2023.05.19

全世界6万5000人の社員に会社のビジョンを浸透させるには? 巨大グローバル企業の人材戦略について聞く(豊田通商 経営幹部 CHRO・濱瀬牧子氏×トレノケートHD代表・杉島泰斗 対談 後編)

総合商社として、世界130カ国にグループ会社を1000社以上展開し、6万5000人以上の社員を抱える豊田通商。「パーパス経営」をはじめ、会社のミッションやビジョンを共有することが重視されるなか、グローバルに対しどのようにビジョンを浸透させているのでしょうか。

前編に引き続き、豊田通商でCHRO(最高人事責任者)を務める濱瀬牧子氏に、ビジョンを浸透させる取り組みをはじめ、グローバル企業の人材戦略について伺いました。聞き手はトレノケートホールディングス代表取締役社長の杉島泰斗です。

取材先のプロフィール

濱瀬牧子(はませ まきこ)氏

豊⽥通商株式会社 経営幹部 CHRO(最高人事責任者)

MBA取得後ソニー株式会社にて、国際⼈事、Sony University設⽴・運営、NYにてタレントマネジメント構築、⽇本初インド採⽤等採用変⾰、 国内関連会社⼈事総務責任者、本社統括部長等、戦略⼈事から労務⼈事管理に⾄るまで⼈事全般を歴任。2013年株式会社LIXIL⼊社。執⾏役員、上席執⾏役員を経て、理事(グローバル⼈事本部⻑)及びGROHE Holding GmbH取締役、グローバルHQの 組織⼈事ガバナンス、COEを統括。2019年6⽉ 豊⽥通商株式会社入社、CHRO(最高人事責任者)に就任。経済産業省等省庁・各種団体委員、大学評議委員、講演等も務める。

インタビュアー

杉島 泰斗(すぎしま たいと)

トレノケートホールディングス 代表取締役社長
熊本県出身。東京工業大学を卒業後、SCSデロイトテクノロジー、不動産ポータルサイトLIFULL HOMES、株式会社クリスク 代表取締役を経て現職。

INDEX

目次

トップライン、リーダー層から新人へ。ビジョンを浸透させる取り組み

「社長が言うことは1割しか理解されていない」

ビジョンを共有した仲間から生まれる「報酬プラスアルファ」

トップライン、リーダー層から新人へ。ビジョンを浸透させる取り組み

杉島

130カ国にグループ会社1000社以上、全世界に6万5000人の社員がいるなか、御社ではどのように理念やビジョンを浸透させているのでしょうか。

濱瀬

今、弊社で掲げている「Be the Right ONE」というビジョンは、私が入社する前にできたものです。過去の失敗を分析したうえで「自分たちは正しくありたい」「価値提供をしていきたい」という思いから生まれたと聞いています。

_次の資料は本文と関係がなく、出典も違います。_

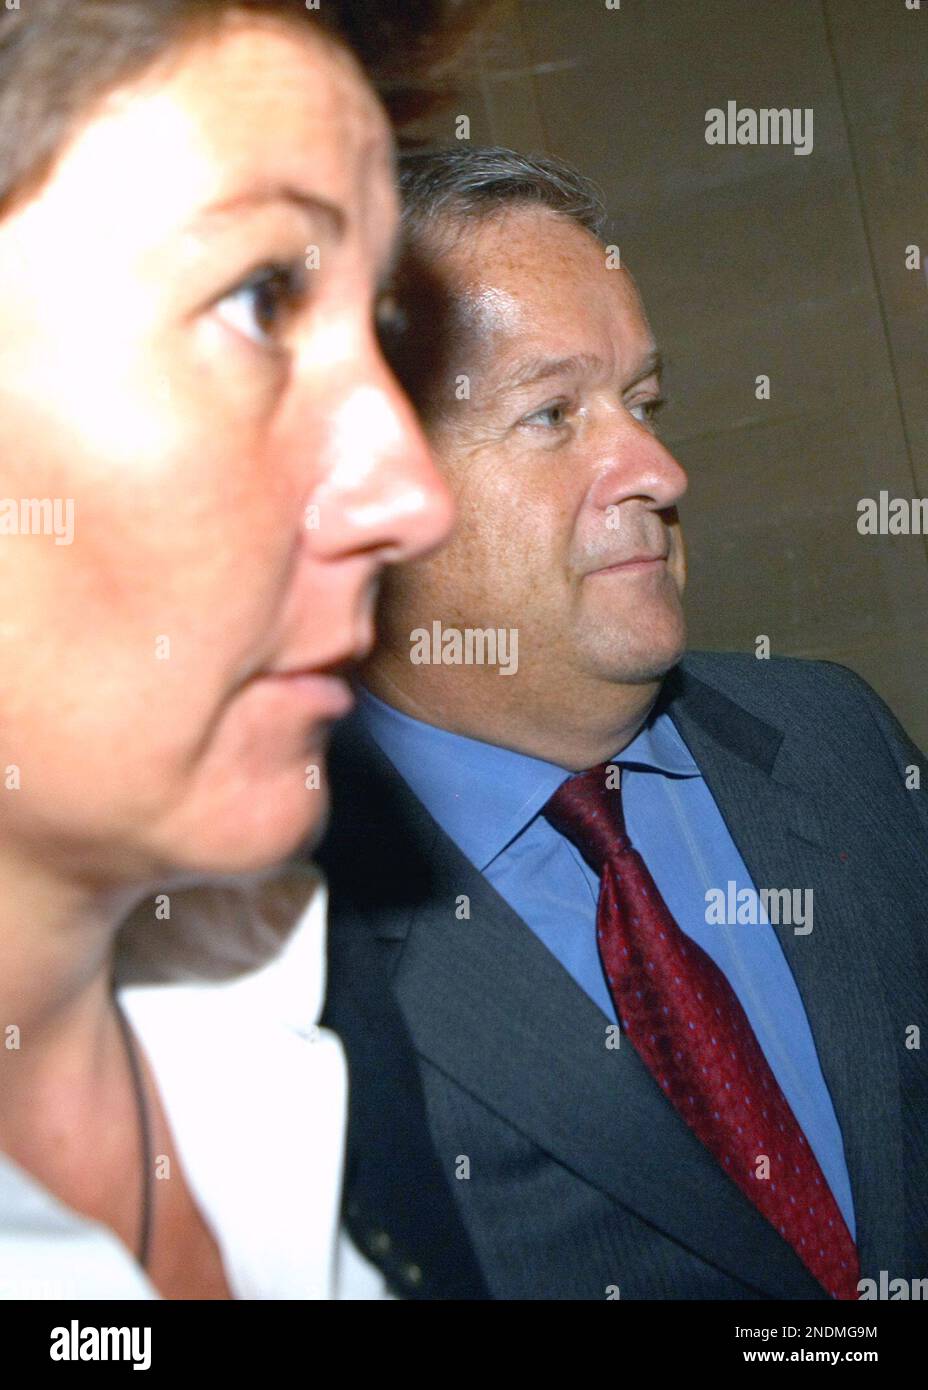 Jean Marie messier, former chairman and CEO of French conglomerate then  Vivendi International, leaves with Crystal Delaval, left, in the French  Court House in Paris Wednesday, June 2, 2010. The once-jettsetting Jean

実は、私はこのビジョンがとても気に入っていて。「Be the Right ONE」があったから入社したと言っても過言ではないんです。今日こちらにいらっしゃるとき、エレベーターに「Be the Right ONE」が掲げられているのは、ご覧になりましたか?

杉島

ええ、拝見しました。受付にも大きく掲げられていましたね。

 

濱瀬

まだ入社を迷っていたとき、私はそれを見て「なんちゅうええ会社や」って思ったんです(笑)。これを真正面から言える会社はなかなかない、青臭さも含めていいなと思いまして。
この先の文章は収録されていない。